またパスポートSBTには、ステーキングした履歴が刻みこまれます。

 【SBT活用例②】LLACイラストレーター うむ子さん「猫曼荼羅」SBT

次はクリエーターさんへの「応援」を目的にしたSBTです。

猫のように生きるをテーマとするLLACがSBTをリリースしました。

LLACは発売時の価格は0.001ETH(約200円)とお手頃な価格であったものの、発売から1ヶ月も経たずに最低価格4ETH(約66万)を超える大人気NFTとなりました。

そんな大人気なLLACのデザインとそのテーマと親和性が高い密教の曼荼羅を模したSBTです。

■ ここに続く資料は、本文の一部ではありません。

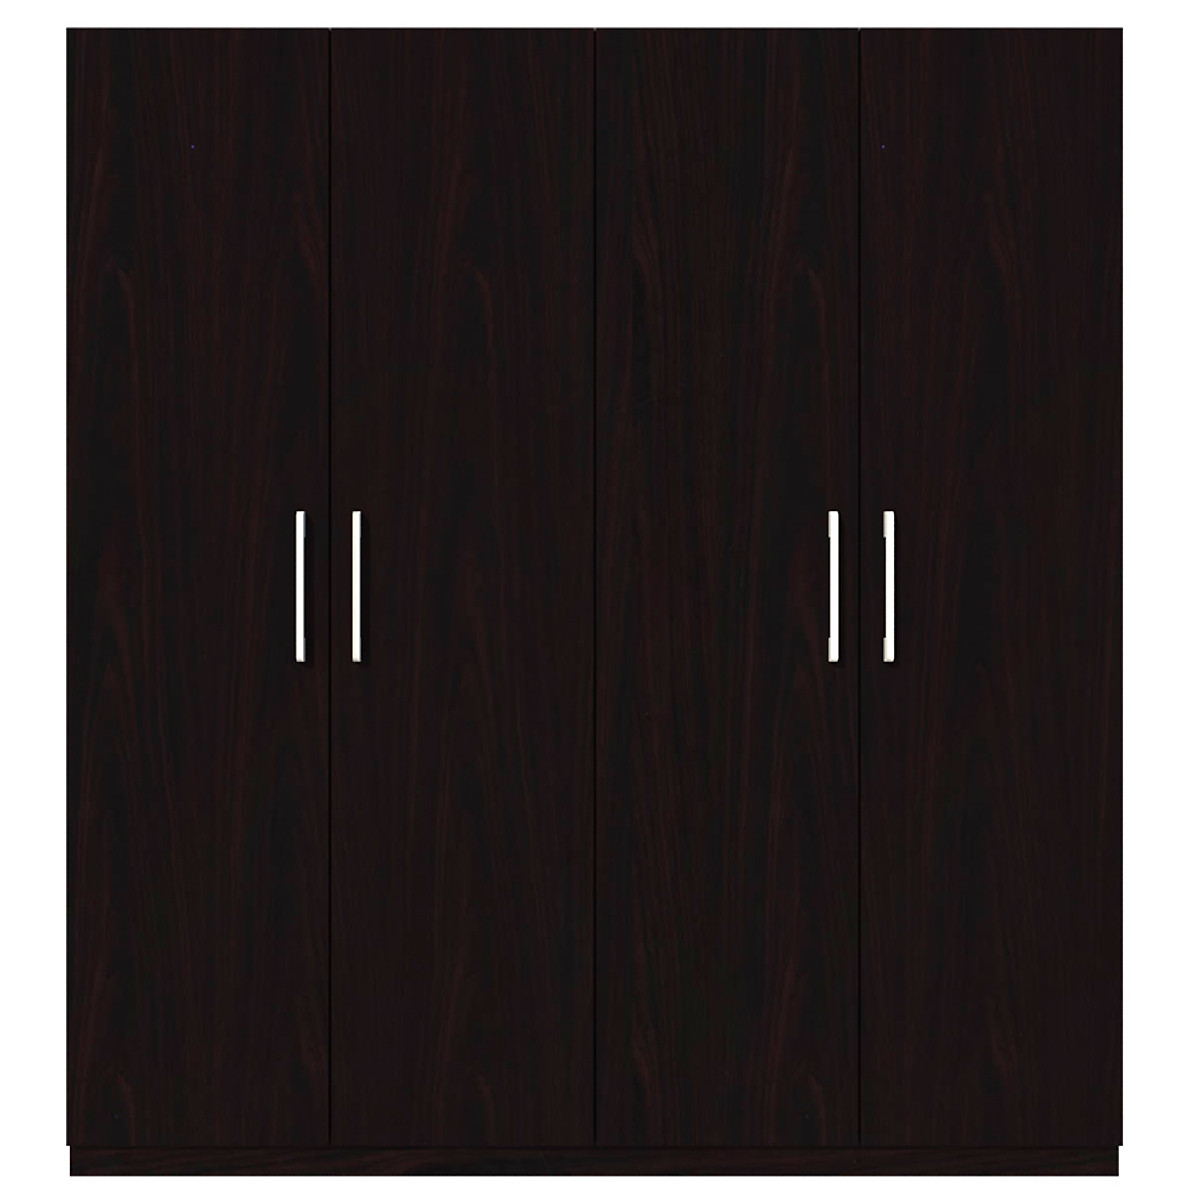 Tủ quần áo gỗ MDF Tundo 4 cánh 3 ngăn đứng màu nâu đậm 180 x 55 x 200cm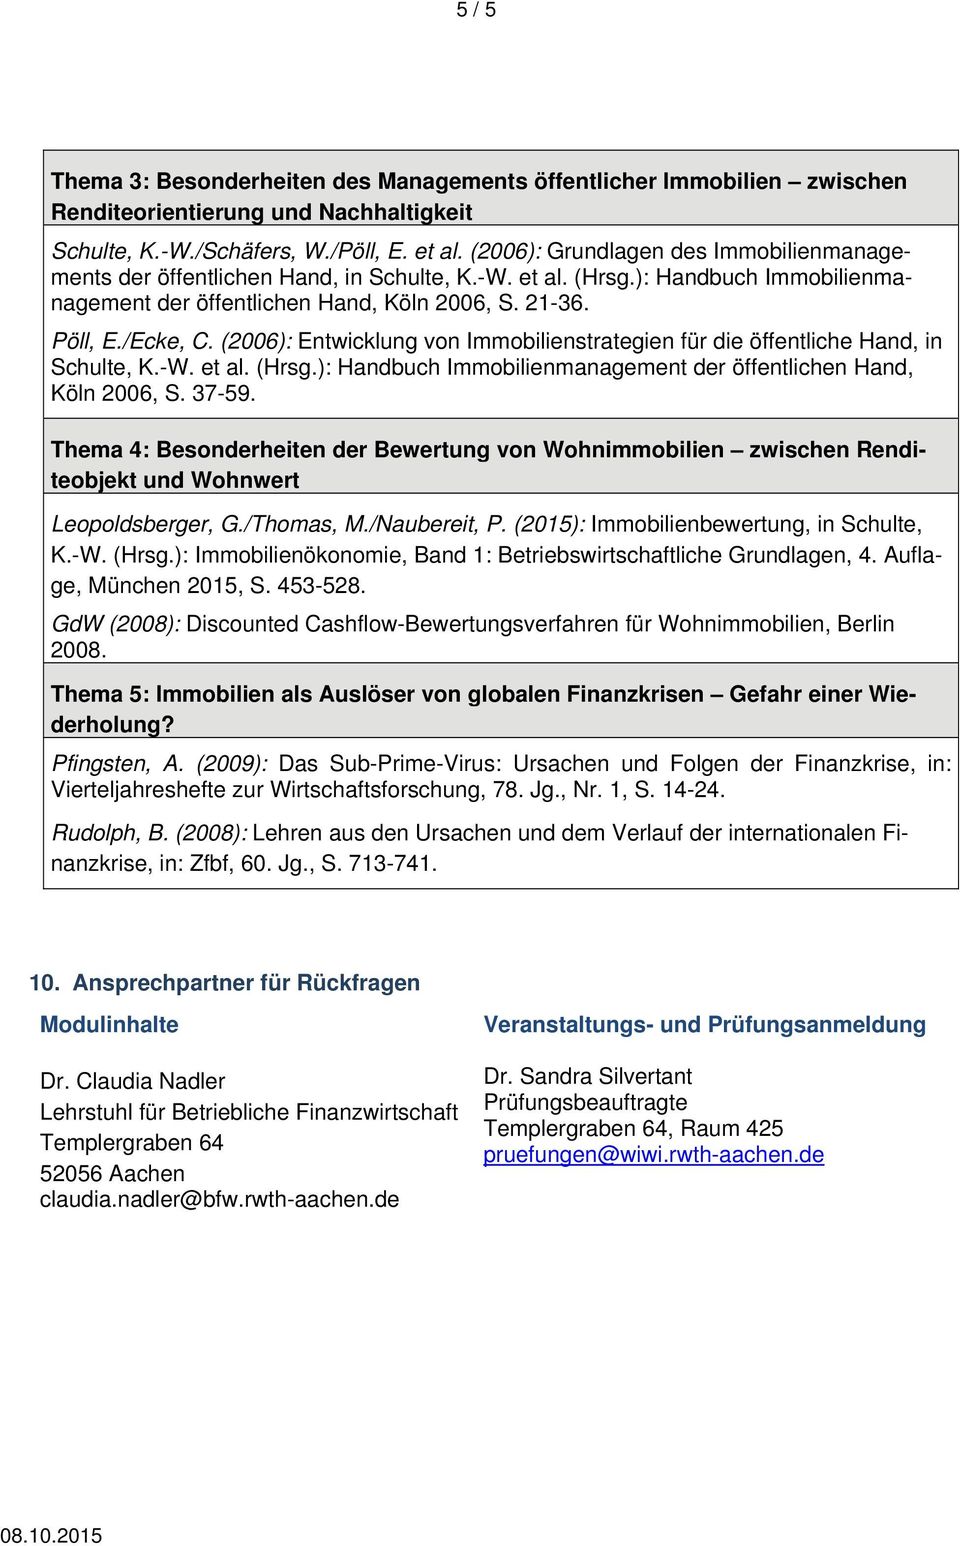 (2006): Entwicklung von Immobilienstrategien für die öffentliche Hand, in Schulte, K.-W. et al. (Hrsg.): Handbuch Immobilienmanagement der öffentlichen Hand, Köln 2006, S. 37-59.

イラストレーター猫森うむ子さんを応援する目的で発売開始されました。

 【SBT活用例③】メタバース初詣限定記念SBT

最後はイベント記念用に配布された「SBT」です。

Ninja DAOのメタバース企画。

現実世界同様に初詣の際に、お守りを買ったり、絵馬を書いたりしますよね。

このSBTはメタバース空間の初詣で購入できる2023年うさぎ柄の絵馬を模したSBTです。

1/1~1/5までの限定販売でしたが、初日で売り切れる大盛況だったそうです。

メタバース初詣記念として販売されました。

結果は、完売。 

SBT販売の収益は、イベント開催費用として使用されます。

NFT SBT (SoulBound Token)とは? まとめ

SBTによってWeb3時代は補完されます。

将来的にはAIや機械学習の発展にも寄与すると見込まれており、個人の実績証明をデジタル化した無担保ローンを実現することも可能でしょう。

紹介した様なNFTプロジェクトの更なる可能性を見出せるSBTに期待大です!